(AVAILABLE DATA Opens)
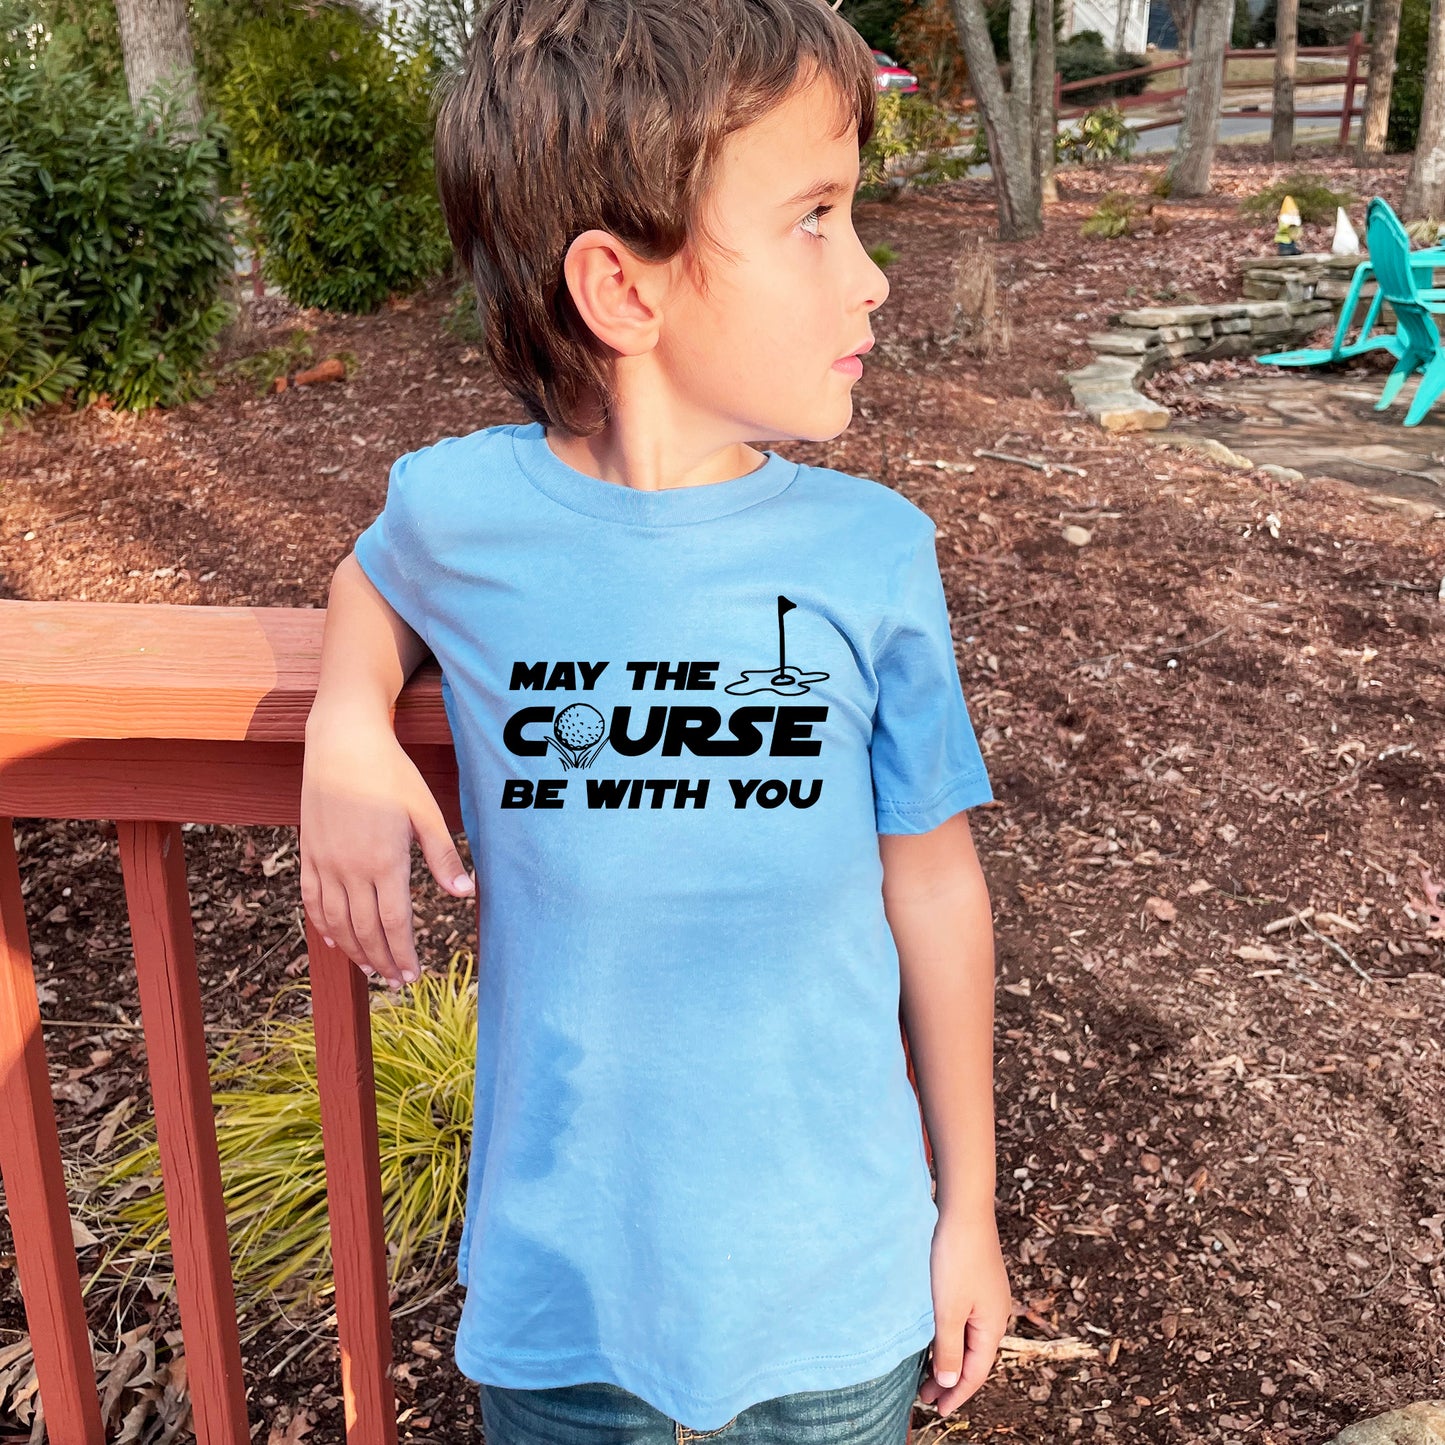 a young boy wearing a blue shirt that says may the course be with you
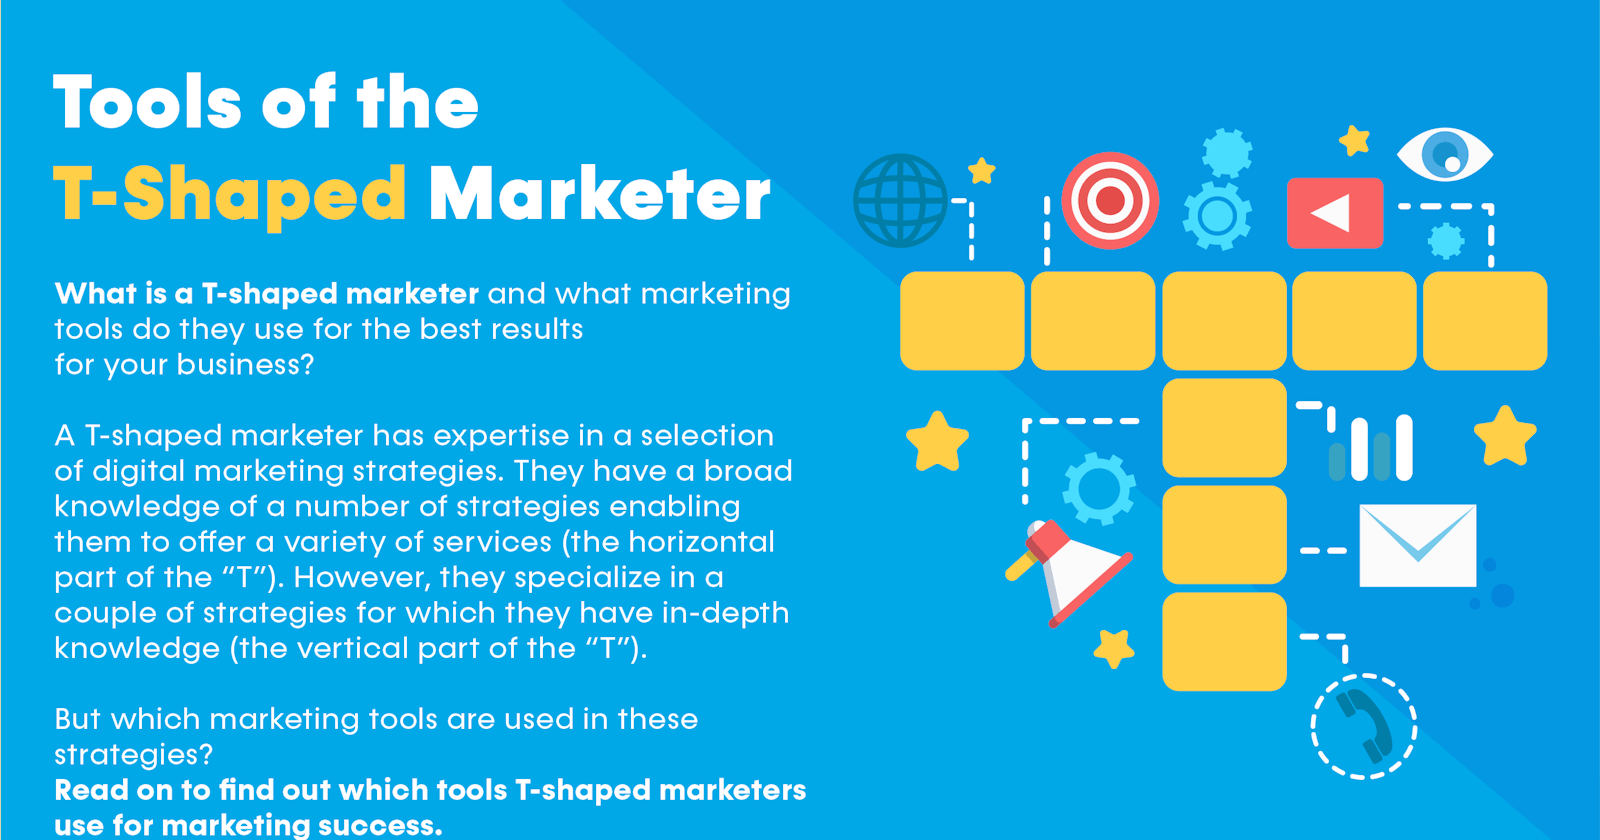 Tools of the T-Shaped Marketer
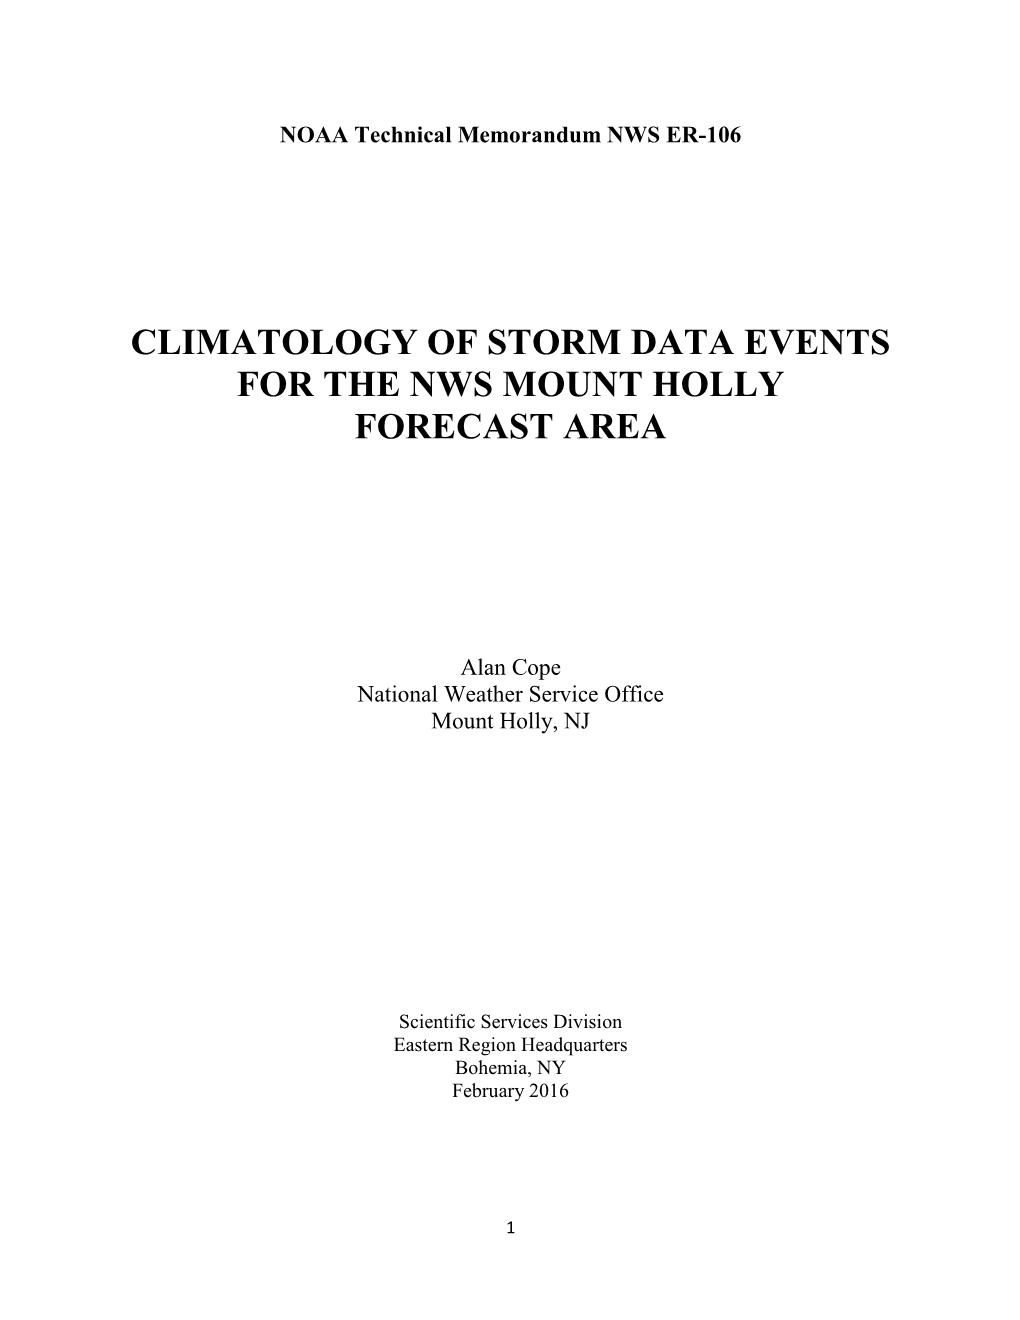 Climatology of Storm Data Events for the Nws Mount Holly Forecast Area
(AVAILABLE DATA Closes)
-- AIM OF THE TASK --
Reproduce every line above exactly, pictures excluded.

-- YOUR RESPONSE --
 a young boy wearing a blue shirt that says may the course be with you
 Tools of the T-Shaped Marketer
 Climatology of Storm Data Events for the Nws Mount Holly Forecast Area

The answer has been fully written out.